Structural loads on a pitched warm roof must be considered differently from those on a traditional ‘cold roof’, where the weight of the roof covering is supported directly by the rafter. On a warm roof the weight is taken up by the counterbattens, which are laid on top of the insulation, a non-structural element. The counterbatten effectively reproduces the rafter above the insulation and it is essential therefore that it becomes a structural member to which the tile batten can be fixed and, at the same time, hold down the insulation against wind suction. InSkew has been designed to do just this, resisting both the sliding and compressive loads of the roof covering while counteracting the tensile loads caused by wind uplift.
As insulation thicknesses increase so do the sliding or bending loads that are imposed on the counterbatten. The laid weight of the roof covering and the roof pitch both affect the sliding load as the heavier the tile and the steeper the roof, the greater the load becomes. However, the snow load, which must be considered in the overall assessment, starts to decline at approximately 40º.
A consequence of the sliding load is that under the weight of the roof covering the insulation could compress, impairing its thermal performance. However, InSkew, unlike traditional fixings, effectively withstands both sliding loads and compression loads.

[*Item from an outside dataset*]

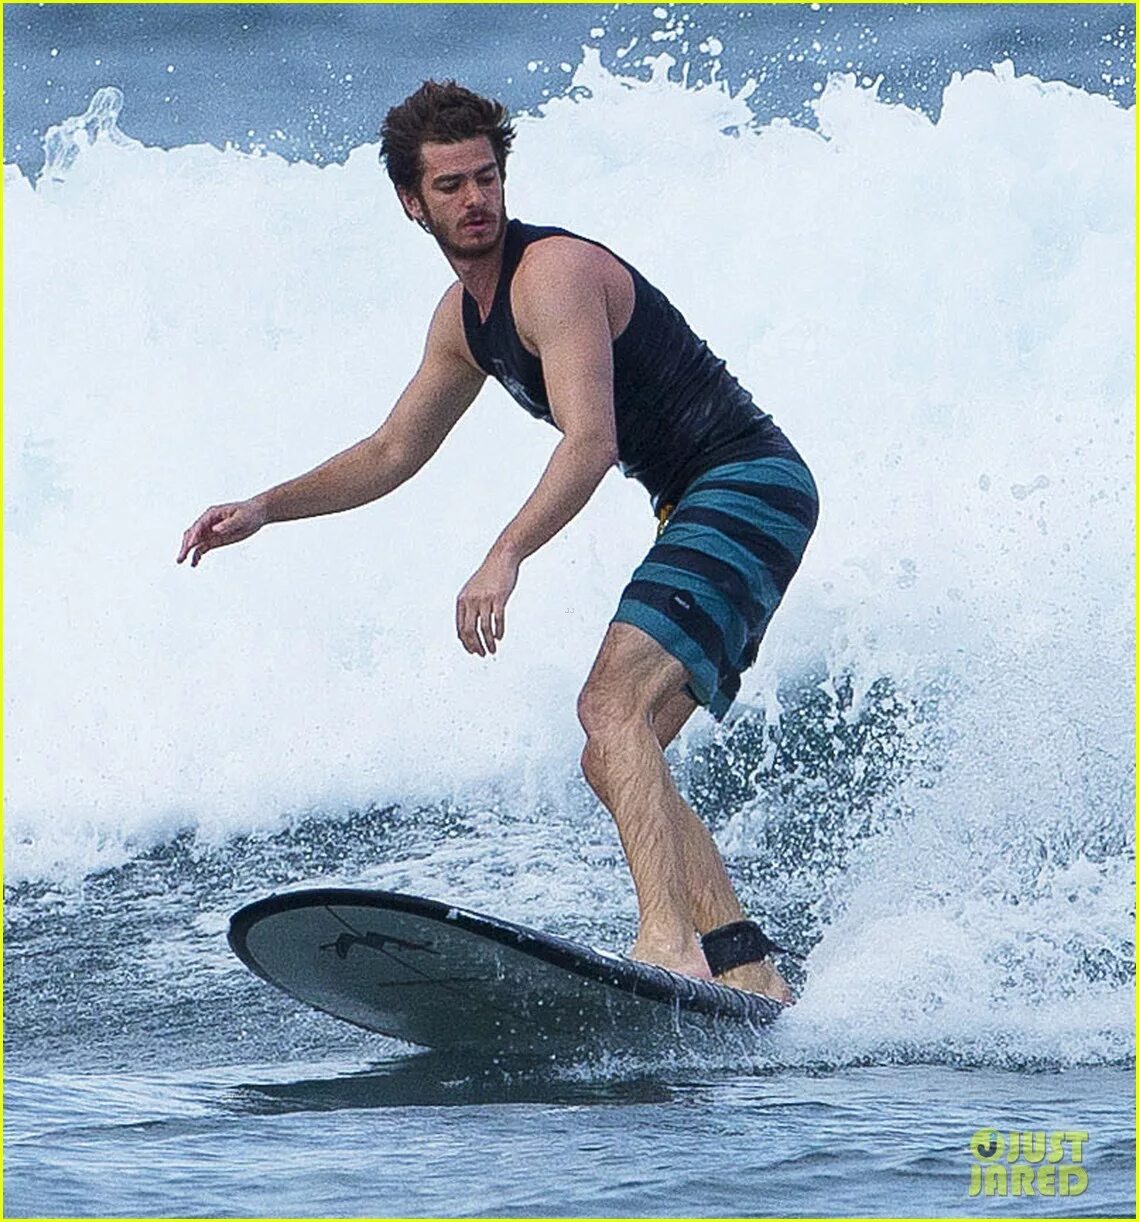 Andre stone. Эндрю Гарфилд серфинг. Энди Стоун. Эндрю Гарфилд серфинг фото. Andrew Garfield in Beach advertisement.
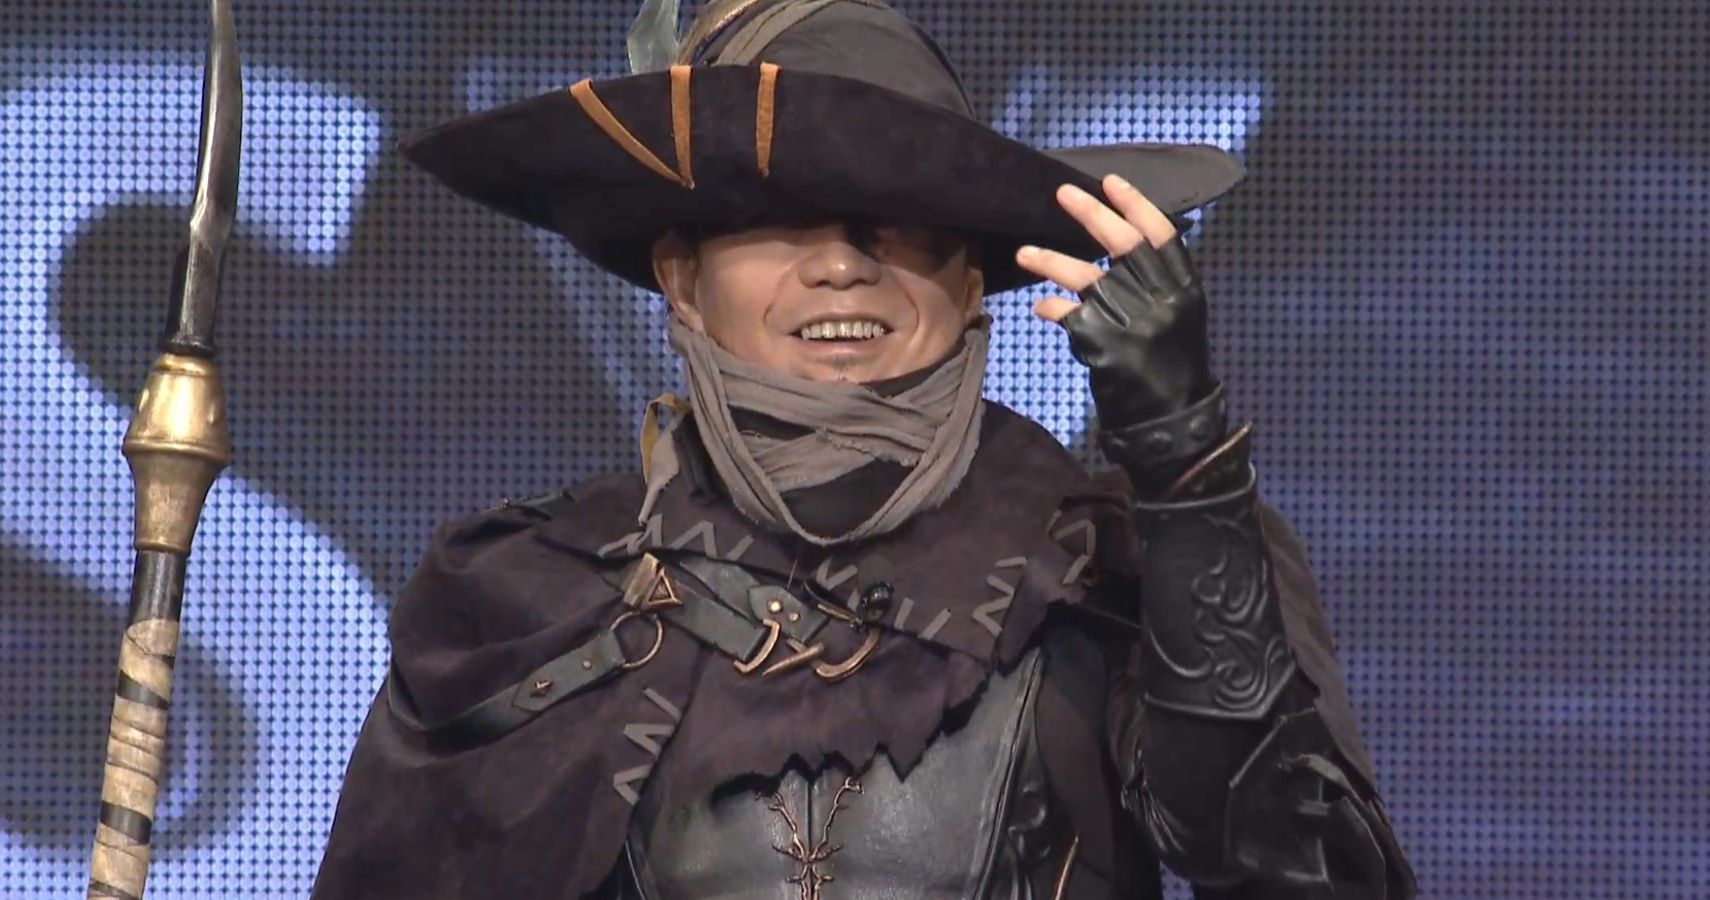 Final Fantasy 14 director and producer Naoki Yoshida cosplays the new Endwalker job, Reaper

The counterbatten (usually 25mm-50mm thick and 38mm-50mm wide) must be thick enough to grip the InSkews and enable them to resist the wind uplift. It must not buckle under the sliding load between fixings and must be wide enough to meet the manufacturers requirements for clamping the insulation. Wind suction will be affected by the anticipated wind speed, the height of the building, the site exposure and the local topography.